A stack frame IMO is when there is a second pointer, a frame pointer. You often see this with instruction sets that have instructions or limitations that lean toward this. For example an instruction set might have a stack pointer register but you cant address from it, there may be another frame register pointer and that you can. So the typical entry would be to save the frame pointer on the stack because the caller may have been using it for their frame and we want to return it as found, then copy the address of the stack pointer to the frame pointer, then move the stack pointer as far as needed for this function so that interrupts or calls to other functions the stack pointer is on the boundary between used and unused stack space, as it should be at all times. The frame pointer would be used in this case to access any passed in parameters or return addresses in a frame pointer plus offset fashion (for downward growing stacks) and in the negative offset direction for local data.
Now it does look like the compiler is using a frame pointer, what a waste, let's ask it not to:
00000000 <fun>:
0: b082 sub sp, #8
2: 9001 str r0, [sp, #4]
4: 9100 str r1, [sp, #0]
6: 9a01 ldr r2, [sp, #4]
8: 9b00 ldr r3, [sp, #0]
a: 18d3 adds r3, r2, r3
c: 0018 movs r0, r3
e: b002 add sp, #8
10: 4770 bx lr
First off, the compiler determined there were 8 bytes of things to save on the stack. Unoptimized pretty much everything gets a place on the stack, the passed parameters as well as local variables, there weren't any locals in this case so we just have the passed in ones, two 32 bit numbers, so 8 bytes. The calling convention used attempts to use r0 for the first parameter and r1 for the second if they fit, in this case they do. so the stack frame is formed when 8 is subtracted from the stack pointer, the stack frame pointer is the stack pointer in this case.
The calling convention used here allows for r0-r3 to be volatile in the function. The compiler does not have to return to the caller with those registers as they were found, they can be used within the function at will. The compiler chose in this case to pull from the stack the addition operands using the next to registers rather than the first to free ones. Once r0 and r1 are saved to the stack then the "pool" of free registers one would assume start with r0,r1,r2,r3. So yes it does appear to be broken, but it is what it is, it is functionally correct and that is the job of a compiler to produce code that functionally implements the compiled code. The calling convention used by this compiler states that the return value goes in r0 if it fits, which it does.
So the stack frame is setup, 8 is subtracted from sp. Passed in parameters are saved to the stack. Now the function starts by pulling the passed in parameters from the stack, adding them, and placing the result in the return register.
Then bx lr is used to return, look that instruction up along with pop (for armv6m, for armv4t pop can't be used to switch modes so compilers will if they can pop to lr then bx lr).

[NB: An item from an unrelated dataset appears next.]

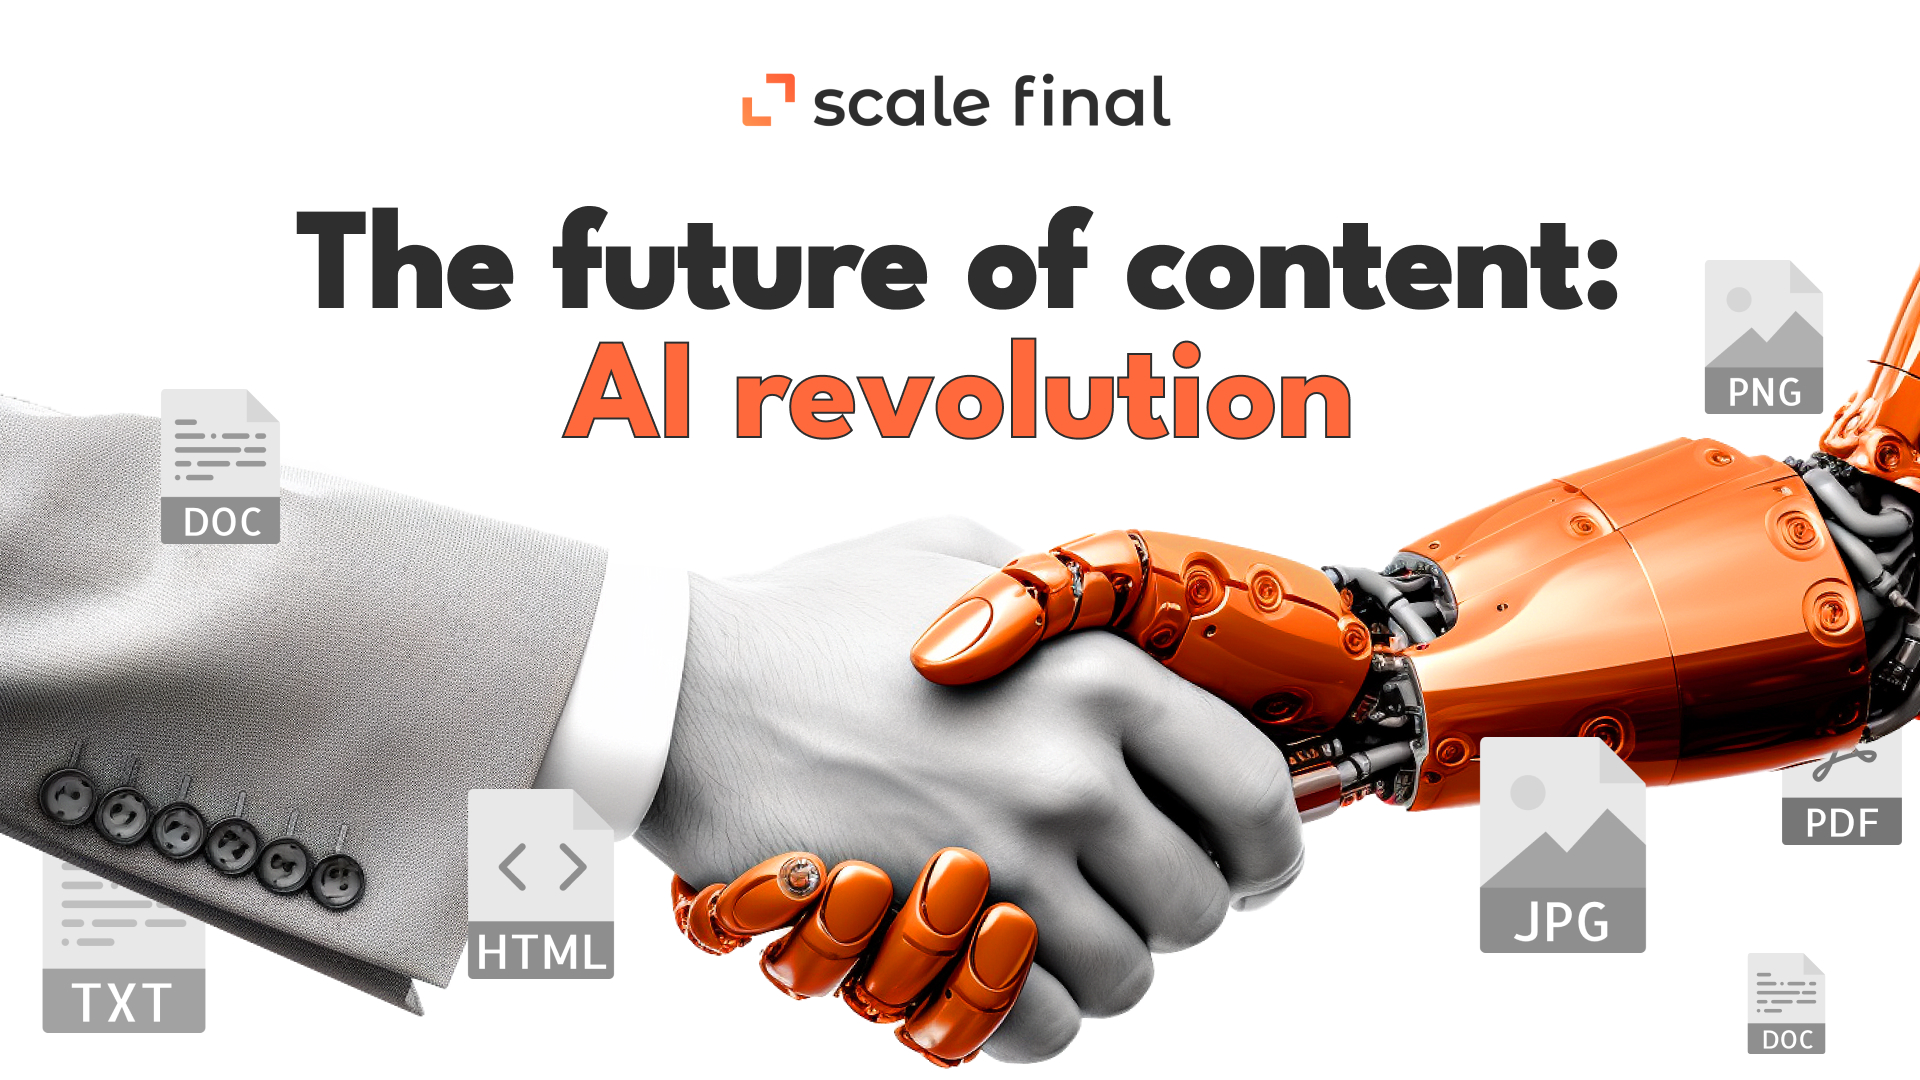 The future of content: AI revolution

armv4t thumb, can't use pop to return in case this code is mixed with arm, so the return pops into a volatile register and does a bx lr, you can't pop directly into lr in thumb. It is possible that you might be able to tell the compiler I am not mixing this with ARM code so it's safe to use pop to return. Depends on the compiler.
00000000 <fun>:
0: b580 push {r7, lr}
2: b082 sub sp, #8
4: af00 add r7, sp, #0
6: 6078 str r0, [r7, #4]
8: 6039 str r1, [r7, #0]
a: 687a ldr r2, [r7, #4]
c: 683b ldr r3, [r7, #0]
e: 18d3 adds r3, r2, r3
10: 0018 movs r0, r3
12: 46bd mov sp, r7
14: b002 add sp, #8
16: bc80 pop {r7}
18: bc02 pop {r1}
1a: 4708 bx r1
to see a frame pointer
00000000 <fun>:
0: b580 push {r7, lr}
2: b082 sub sp, #8
4: af00 add r7, sp, #0
6: 6078 str r0, [r7, #4]
8: 6039 str r1, [r7, #0]
a: 687a ldr r2, [r7, #4]
c: 683b ldr r3, [r7, #0]
e: 18d3 adds r3, r2, r3
10: 0018 movs r0, r3
12: 46bd mov sp, r7
14: b002 add sp, #8
16: bd80 pop {r7, pc}
First off you save the frame pointer to the stack as the caller or the caller's caller, etc may be using it, it's a register we have to preserve. Now some calling convention comes into play right off the start. We know that the compiler knows that we are not calling another function so we don't need to preserve the return address (stored in the link register r14), so why push it on the stack why waste the space and the clock cycles? Well, the convention changed not long ago to say the stack should be 64 bit aligned, so you basically push and pop in pairs of registers (an even number of registers). Sometimes they use more than one instruction for a pair as we see in the armv4t return.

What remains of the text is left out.